NYU was simultaneously developing the first instance of their Artist Archives Initiative, focusing on the David Wojnarowicz Papers. As someone who was doing similar work, I was invited to beta-test The David Wojnarowicz Knowledge Base and act as a consulting Student Researcher! Using a wiki-based platform, the AAI team populated their new resource with data, text, images, audio, and newly created content. An ambitious project in digital art history, Fales was carving out space for a tool that not only facilitated scholarly research but also was more accessible to a wider community and was open to contributions and dialogue. The David Wojnarowicz Papers were not being migrated to the David Wojnarowicz Knowledge Base; they were separate entities. Consulting the traditional finding aid and requesting items from the archive, I helped point out connections and made recommendations to make the AAI project more intuitive and robust. Accessibility and user experience was a major driving force of the project. The scalability and application of this structure was an exciting model that other institutions could look to when developing similar projects.

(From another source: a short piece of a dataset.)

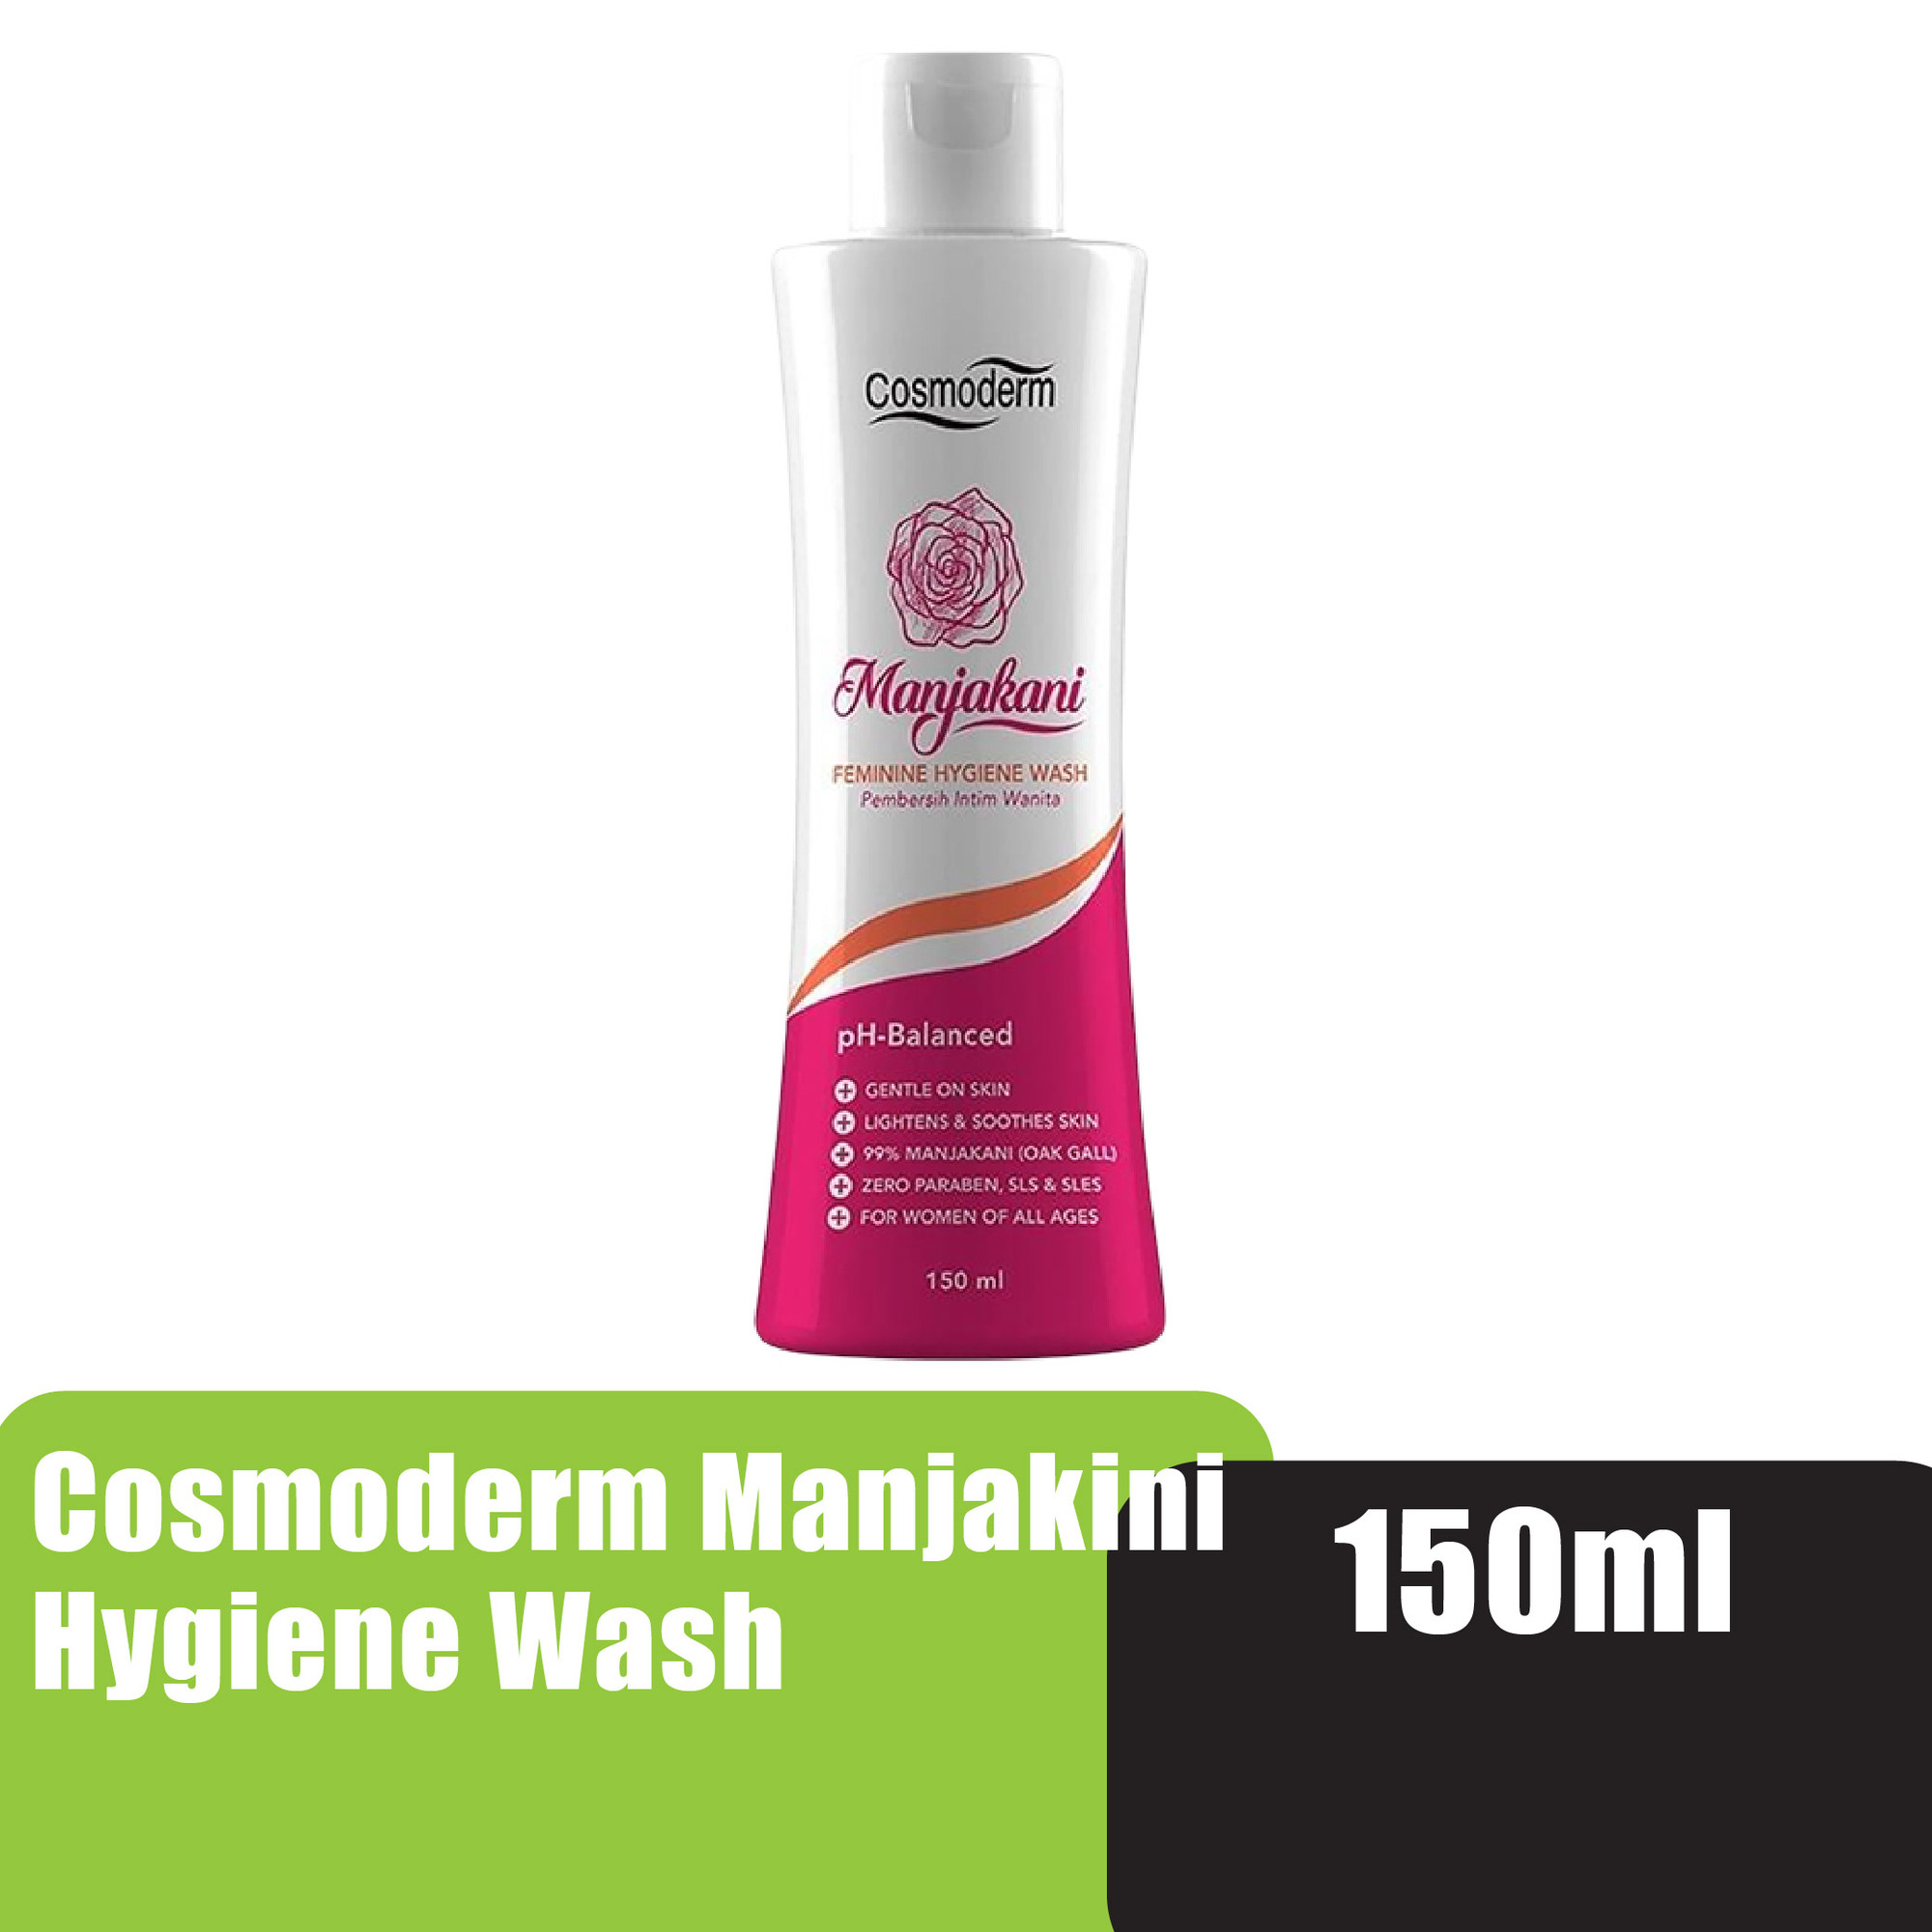 Cosmoderm Manjakani Hygiene Wash 150ml

Screenshot of the David Wojnarowicz Knowledge Base built by NYU.

My research and writing on Wojnarowicz's installation and ephemeral art made something clear to me: the artist's archive was not confined to a convenient Magic Box or collection finding aid. Rather, it was embedded within his life and full body of work. One could connect elements, ideas, and objects to create a crisscrossing web of interconnectedness during the decade and half or so of his artist output. I realized that the Magic Box was not a skeleton key to his career in art but instead a respite from the brutality of navigating life itself and success as an artist amid the dynamic landscape of the 1980s/90s art and political world for a human being fighting against the odds of AIDS and artistic/cultural freedom. To be fair, Hugh Ryan came to this conclusion about the Magic Box in his VICE article, but it resonated with me in a profound way, having gone through my own journey.

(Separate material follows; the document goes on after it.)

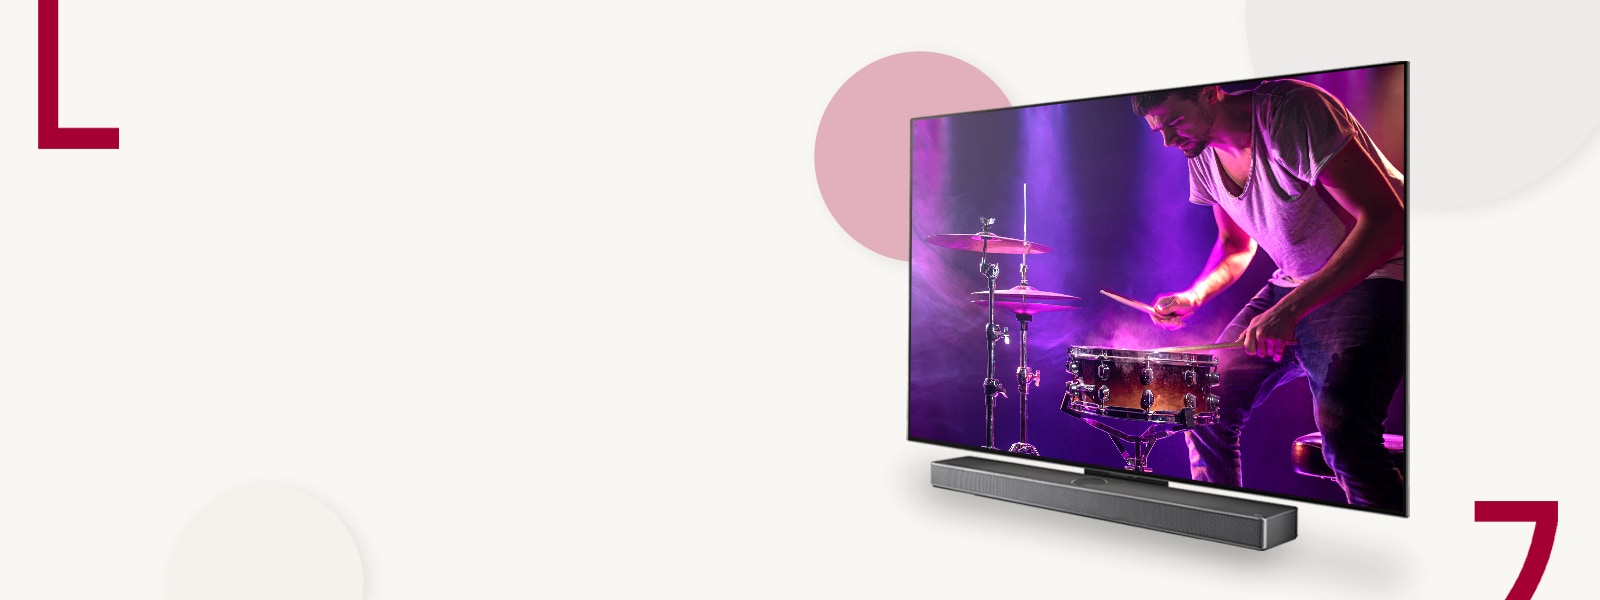 Hình ảnh của LG OLED C3 và Soundbar chống lại  Một phông nền màu kem với các vòng tròn màu. Một người đàn ông chơi trống trên màn hình.

Image of the contents of Wojnarowicz’s magic box after initial identification and labeling, from Magic Box Slideshow by Matt Wolf, 2005.

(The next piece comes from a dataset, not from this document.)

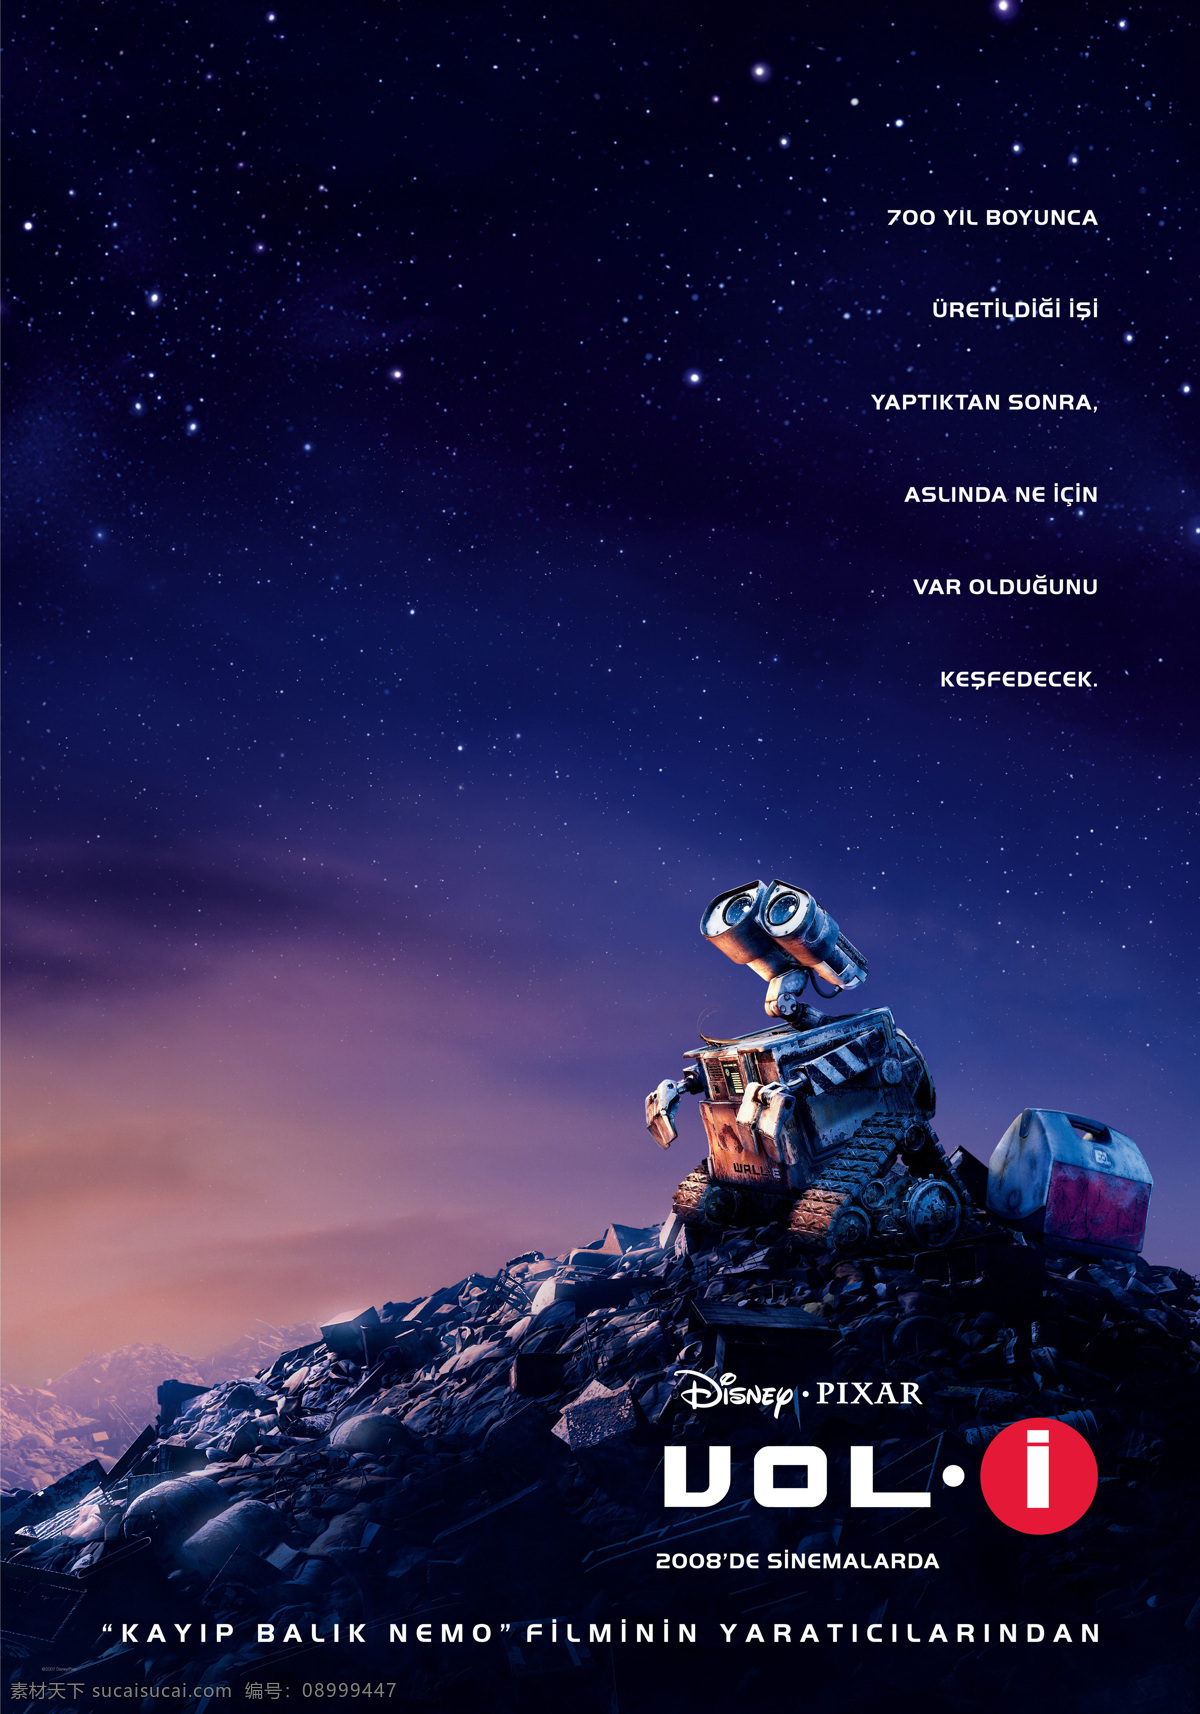 机器人总动员 机器人 总动员 迪斯尼 瓦力 伊娃 迪士尼动画 土耳其版 正式版 皮克斯 皮克斯动画 动画电影 电影海报 海报 经典动画电影 pixar 文化艺术 影视娱乐

In the end, I believe I learned just as much or maybe more about the importance of archival labor and standards as I did about this fascinating aspect of Wojnarowicz’s work. As is evident in the Magic Box, artists often have archival tendencies, even if they might eschew such a label and downplay their organizational impulses. And in the same vein, archivists (especially those working with artists or artists estates) would benefit greatly from pulling back every now and again from the mylar and inventory lists to consider their right-brain flights of fancy connecting the objects in front of them and the less immediate ideas floating around the air. Artists love to stow things away in obscure places and archivists love to root around in the dark corners of the overlooked – it’s kind of the perfect match. It is up to the artist to create the building blocks of their legacy, the gallerist to monetize and make it relevant, the curator to cultivate and legitimize its importance, the art historian to help perpetuate it contextually, and the archivist to steward everything into the future.

John B. Henry is an Archivist at Inveniem, a private archiving and technology agency that works with high-profile clients that include music icons, professional athletes, and leaders in the entertainment industry. He holds masters degrees in the History of Art & Design and Library & Information Science with a specialization in Archives from Pratt Institute.